Anemia in pregnancy should be treated due to its connection to adverse maternal and neonatal outcomes.

View as PDF

Anemia, a condition in which the number of red blood cells is insufficient to meet the body’s physiologic needs for oxygen transport, affects more than one-third of reproductive-age women worldwide.1 The World Health Assembly Resolution 65.6 endorsed a comprehensive implementation plan on maternal, infant and young child nutrition.

Although there are many etiologies of anemia, ranging from chronic disease to acute blood loss, it is estimated that 50% of the anemia seen in pregnancy is due to iron deficiency.2 Based on guidelines set forth by the World Health Organization (WHO), anemia is defined as mild (hemoglobin level, 10-11 g/dL), moderate (hemoglobin level, 8.5-10 g/dL), and severe (hemoglobin level < 8.5 g/dL).2

By this definition, data from the National Health and Nutrition Examination Survey demonstrated that in the United States, 8.8% of pregnant women develop anemia at some point during their pregnancies, with approximately half of this cohort having a hemoglobin level of less than 10 g/dL.3 Risk of anemia increases by gestational age, and by the third trimester, 30% of pregnant women are iron deficient.4

The prevalence of anemia is a significant public health indicator. Even though anemia is primarily caused by iron deficiency, low oxygen-carrying capacity may result from other conditions such as chronic diseases, which remain a relevant health concern in the US. However, studies examining current rates of anemia in the total US population and in more specific subgroups are limited.
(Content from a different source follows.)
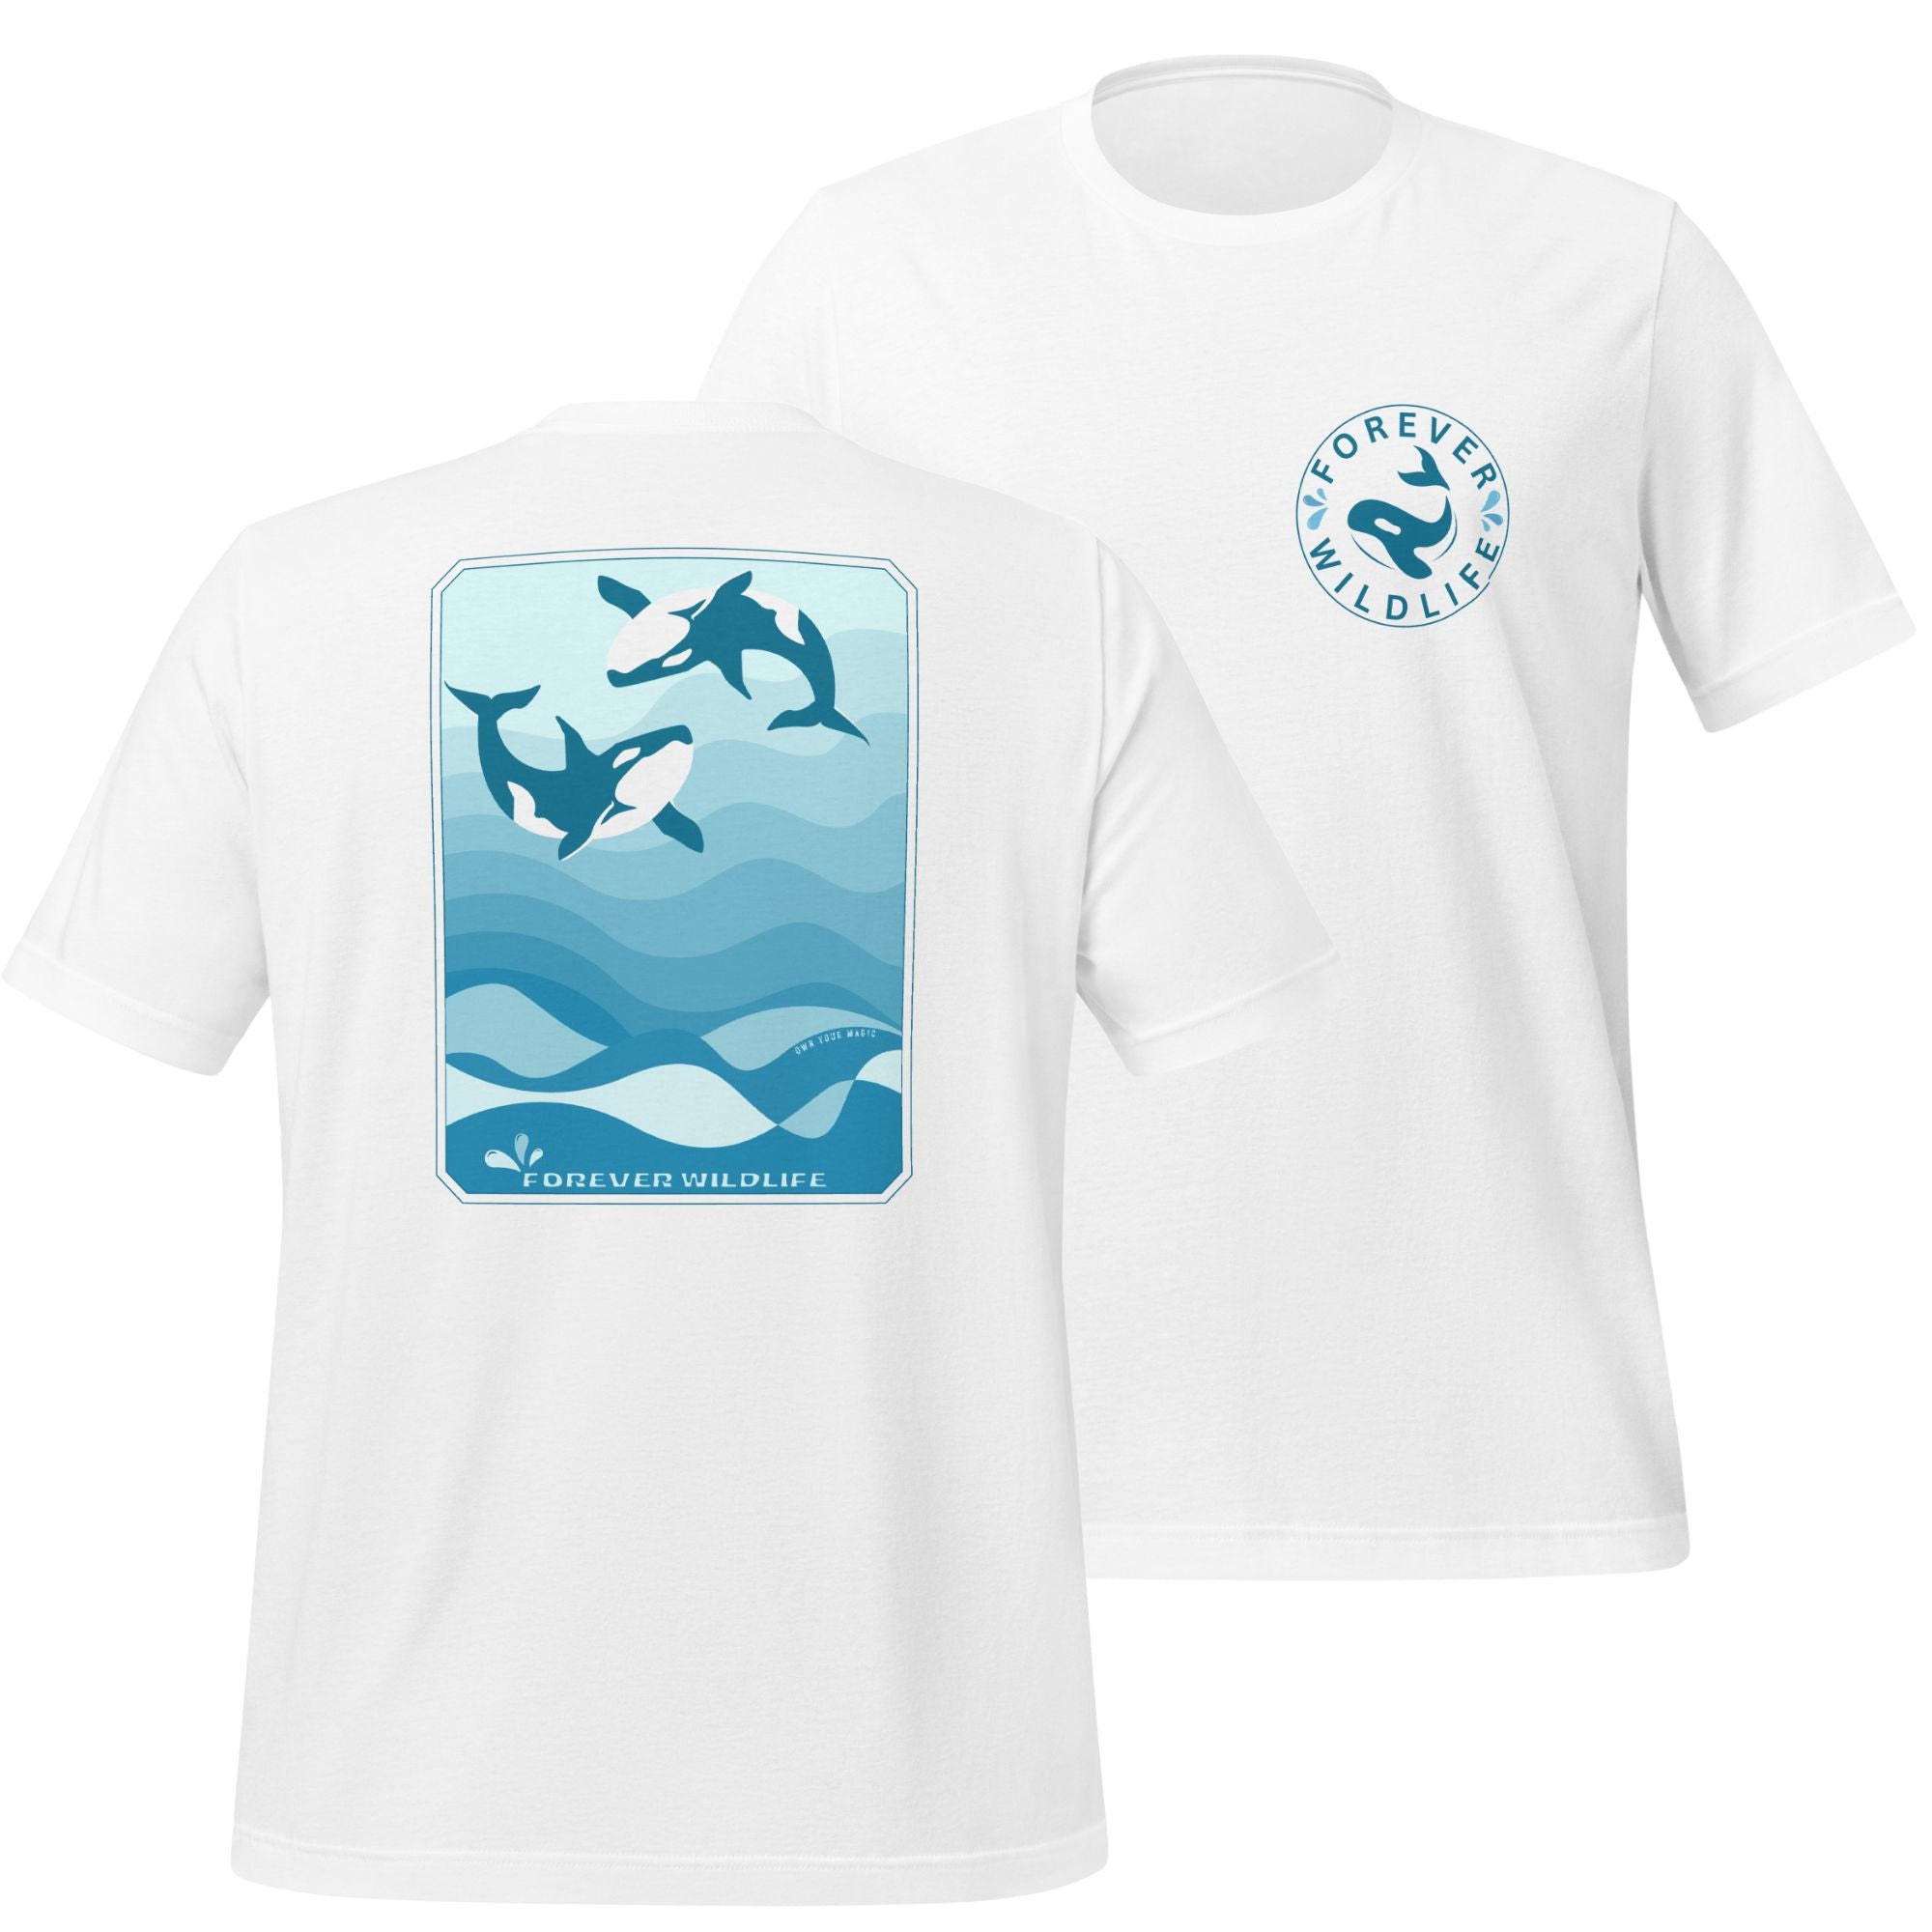 Orca Shirt, beautiful White Orca T-Shirt with Killer Whales on the shirt by Forever Wildlife selling Wildlife T Shirts.

Anemia in pregnancy should be treated because numerous studies have shown that moderate to severe anemia is associated with adverse maternal and neonatal outcomes.5-9 A secondary analysis of the Consortium on Safe Labor data from the Eunice Kennedy Shriver National Institute of Child Health and Human Development found that women with antepartum anemia experienced increased rates of severe maternal morbidity (eg, death, transfusion, hysterectomy) and adverse neonatal outcomes, and these findings persisted after adjustment for confounding factors.5

Table 1. Elemental Iron Content and Adverse Effects in Select Oral Iron Formulations

Table 1. Elemental Iron Content and Adverse Effects in Select Oral Iron Formulations16

Although data regarding the positive effect of iron supplementation on maternal and infant outcomes are limited, a 2015 Cochrane review found that preventive iron supplementation reduced maternal anemia at term by 70% and iron deficiency at term by 57%.10 Therefore, identification and treatment of anemia in pregnancy are of paramount importance and may serve as a preventive measure for seemingly distinct causes of severe maternal and neonatal morbidity.
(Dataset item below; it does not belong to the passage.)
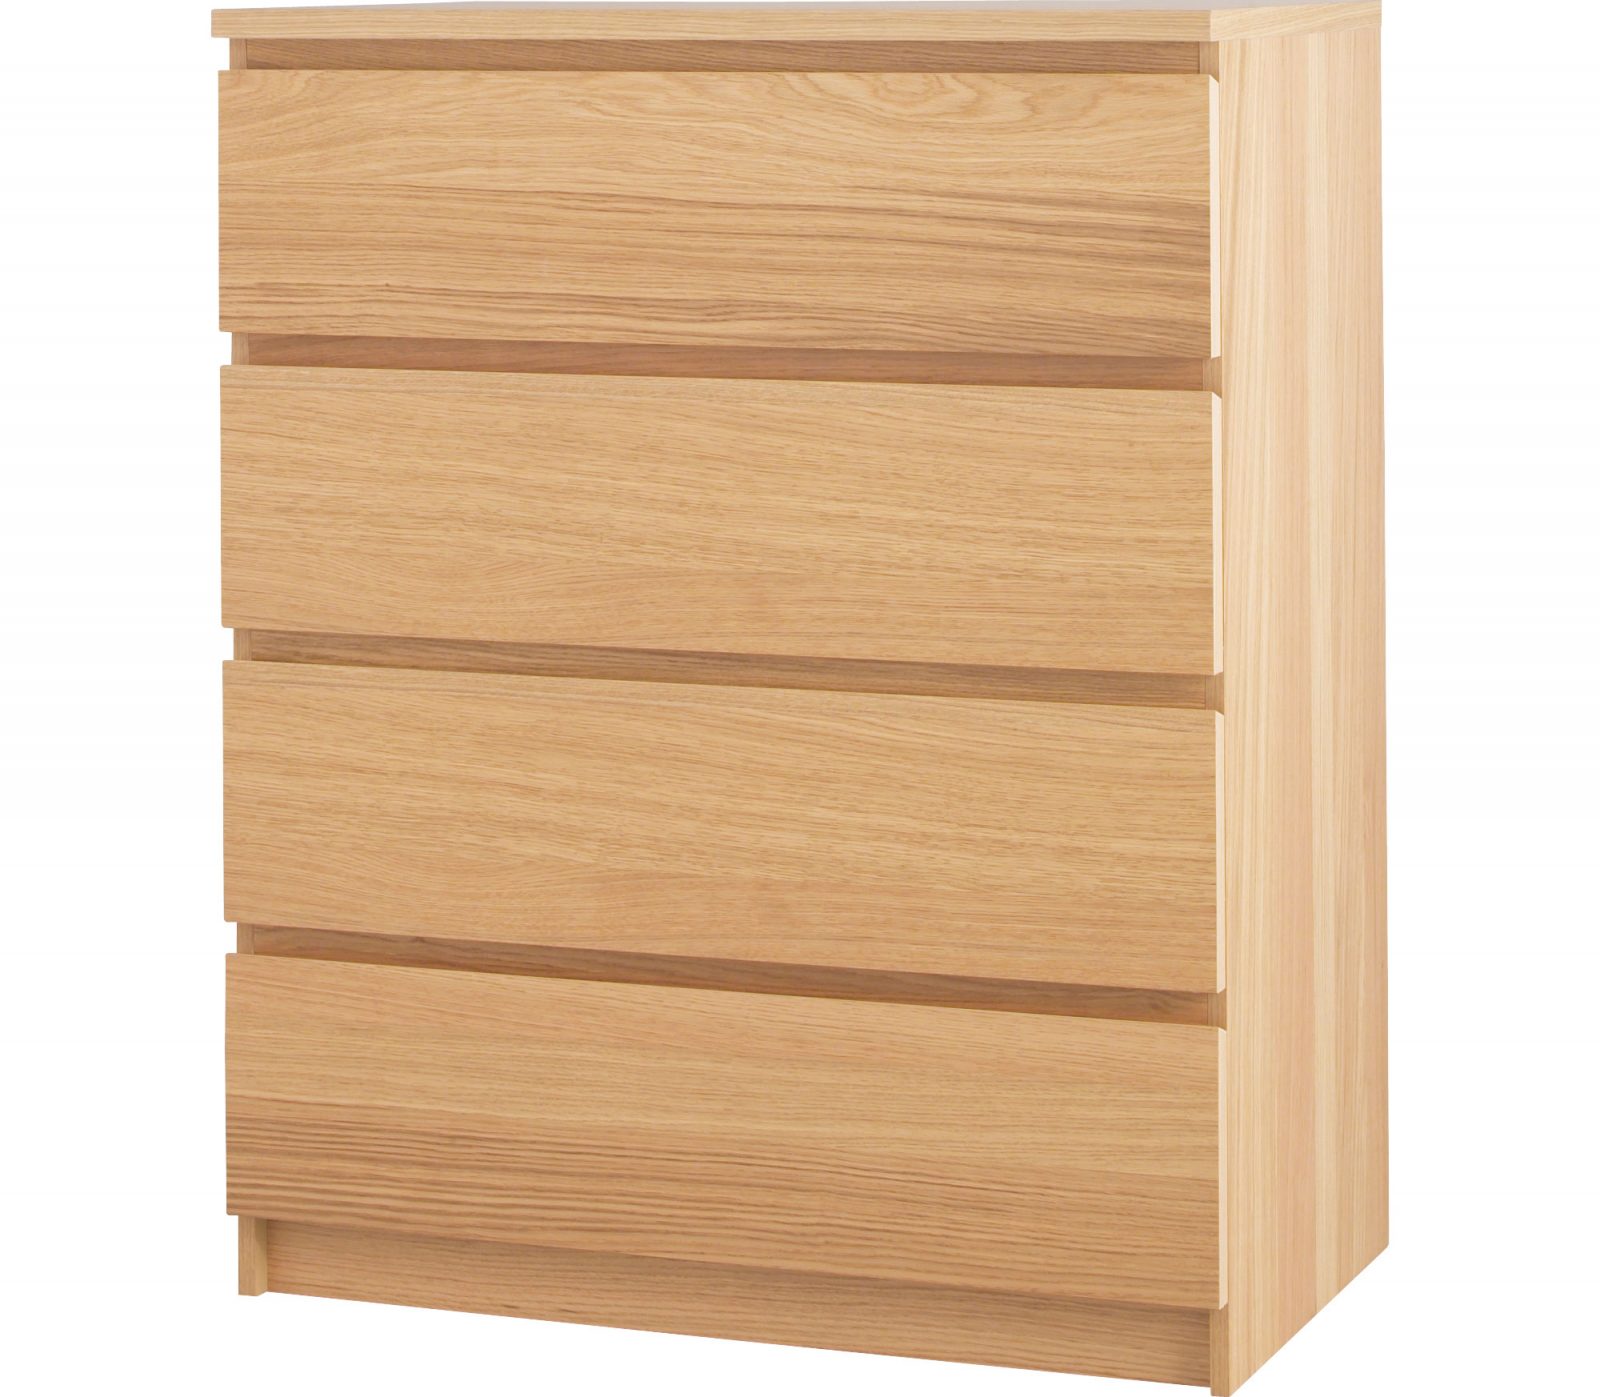 Blond wooden chest of drawers made in a simple design, MALM.

Diagnosis of anemia is the first crucial step in its management, with the WHO definitions of anemia generally adhered to in the clinical setting. However, the diagnosis of iron-deficiency anemia both in and outside of pregnancy is less clear. At the initiation of prenatal care, each patient has a complete blood count collected.

If the hemoglobin level is less than 11 g/dL, the next step is to determine the cause of anemia. The differential diagnosis is broad, especially in those with chronic medical conditions. However, since iron deficiency is the most common cause of anemia in pregnancy, most experts recommend beginning the evaluation with a serum ferritin level.

Although there are several markers to assess total body iron stores—such as total serum iron, transferrin saturation, serum transferrin receptor, and total iron-binding capacity—a serum ferritin level of less than or equal to 30 ng/mL is 92% sensitive and 98% specific for diagnosing iron deficiency.11

Much of the early literature on ferritin used a value of less than or equal to 12 ng/mL to define iron deficiency. However, newer studies have shown that although this ferritin threshold has high specificity (98%) for iron deficiency, it has poor sensitivity (25%), meaning that many diagnoses would be missed.12,13

Unfortunately, it is not uncommon for laboratories to use very low ferritin levels to define iron deficiency, even among pregnant women. Thus, it is imperative that the ordering provider look at the absolute ferritin value and interpret it in the context of the clinical picture, rather than depending on the laboratory to flag the result as normal or abnormal.

If the ferritin level is less than or equal to 30 ng/mL, the diagnosis of iron deficiency can be made. However, if the hemoglobin level is less than 11 g/dL and the ferritin is more than 30 ng/mL, the diagnosis remains uncertain. In such cases, other iron studies may be supportive of iron deficiency (such as total iron saturation<20%).

The mean corpuscular volume (MCV) is also useful to guide the next step in the evaluation. If the MCV is less than 80 fL, it is consistent with microcytic anemia, and the differential diagnosis primarily includes iron deficiency and hemoglobinopathy (sickle cell anemia, thalassemia). Hemoglobin electrophoresis and α-thalassemia testing may be performed to rule out underlying hemoglobinopathy as a cause of the anemia.

If there is no hemoglobinopathy and ferritin is more than 30 ng/ml, referral to a hematologist may also be considered to investigate the cause of anemia. If the MCV is more than 90 to 100 fL, macrocytic anemia is suspected, and testing may include work-up for folate or B12 deficiency.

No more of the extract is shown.